We speak as the proud Scotsman is stuck at San Francisco Airport waiting for a plane to Inchon, South Korea, where he is currently building his first course in Asia. Two years ago Kidd told writer John Strawn he would be attempting to target new markets, such as Asia, from his base in the U.S. In an interview with Golf Digest earlier this year, however, Kidd said he had no interest in working in that part of the world, especially China, saying "every man and his dog" was there and that he wasn't particularly interested in the sort of jobs developers were offering.

16th Hole at Bandon Dunes (Photo by Wood Sabold)

Business is business, however, and with so little design work available in the U.S., Kidd took the plunge and has, in fact, been pleasantly surprised by the level of sophistication and golf knowledge he has encountered.

"I know there will be a few very grand projects like Mission Hills Hainan, where size is everything and where the courses are extremely expensive to construct and maintain, but I think they are beginning to understand about restricting water and chemical use over there," he says. "They recognize the typical country club excesses probably can't work in most situations, and that they can't all aspire to be like Augusta National."

Kidd is now optimistic about golf in Asia to the point of talking about the possibility of a second "Golden Age" with the likes of Tom Doak, Bill Coore and Ben Crenshaw, Gil Hanse, Kyle Phillips and himself building great courses on the other side of the Pacific with relatively small budgets . . . should they wish to.

"If another Golden Age was to happen, it certainly wouldn't be in the U.S.," he says. "The patient is all but dead in America.

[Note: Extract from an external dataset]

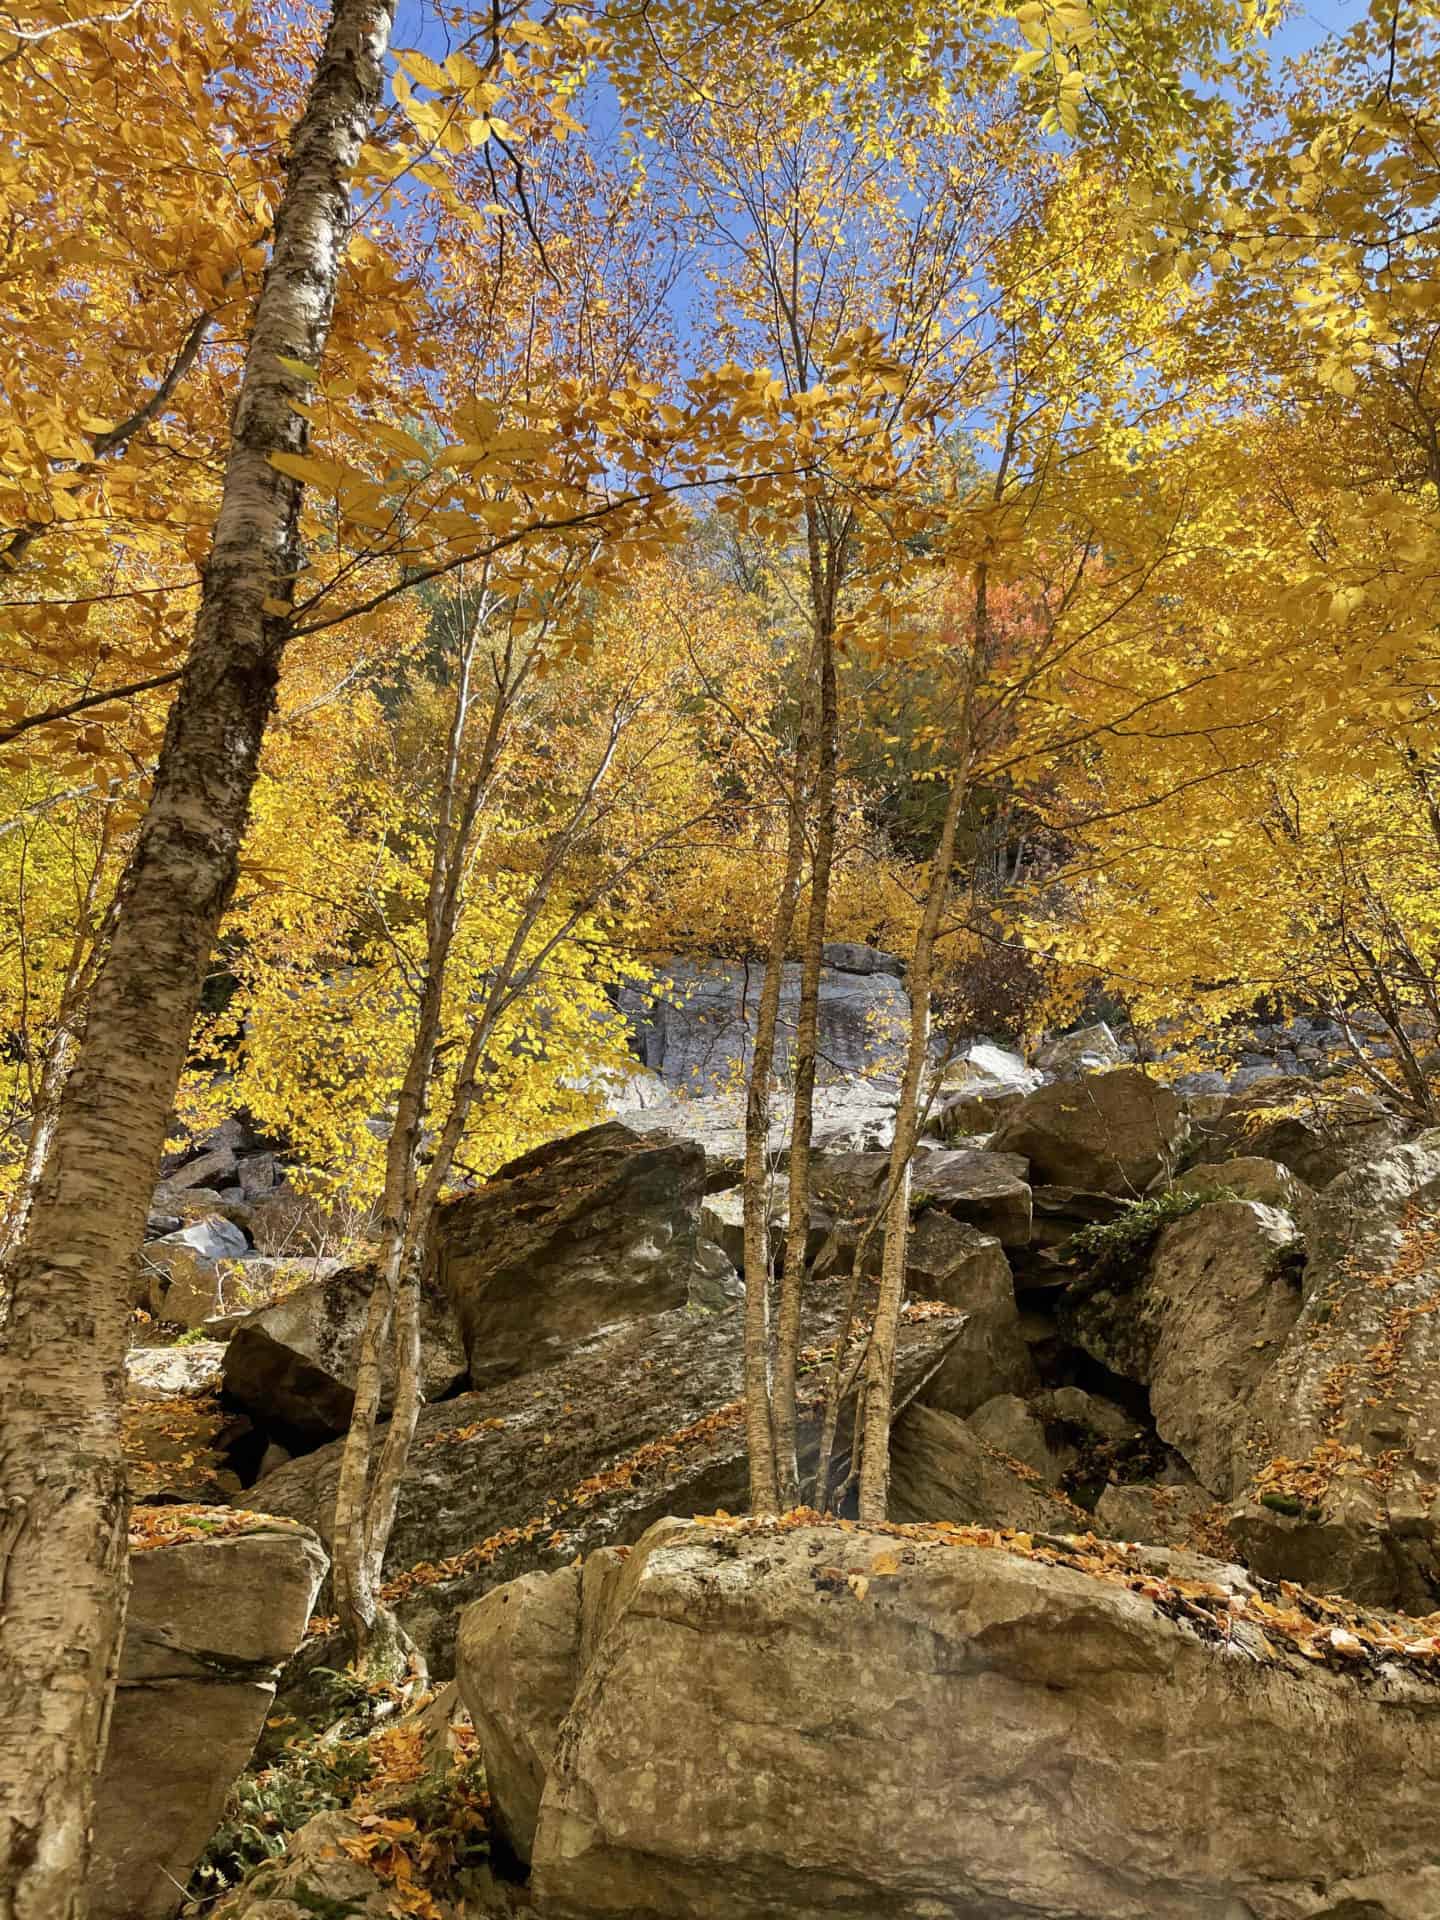 Maples turn golden against the quartzite boulders along the Chestnut Trail in Williamstown.

Everything is real estate-based and the sort of big-budget facilities we saw open throughout the '90s and first part of this century won't be coming back any time soon. What courses are built in the U.S. in future will be, at least should be, determined by demographics and demand, not the whims of affluent developers."

Huntsman Springs

At His Creative Best

In 2009, Kidd was fortunate enough to work for one of America's most affluent people, although it should be pointed Jon Huntsman isn't your typical developer and the creation of his course in Driggs, Idaho, wasn't motivated by a selfish need to top any rankings or supplement his income.

The man once listed as the 47th richest in the world thanks to the success of his packing and chemical companies, built his course in order to protect the environment and provide jobs in the corner of Idaho where he grew up, as well as make sizeable contributions to the Huntsman Cancer Institute at the University of Utah, which the Huntsman Family founded in 1995 with a pledge of $100 million (another $125 million came soon after).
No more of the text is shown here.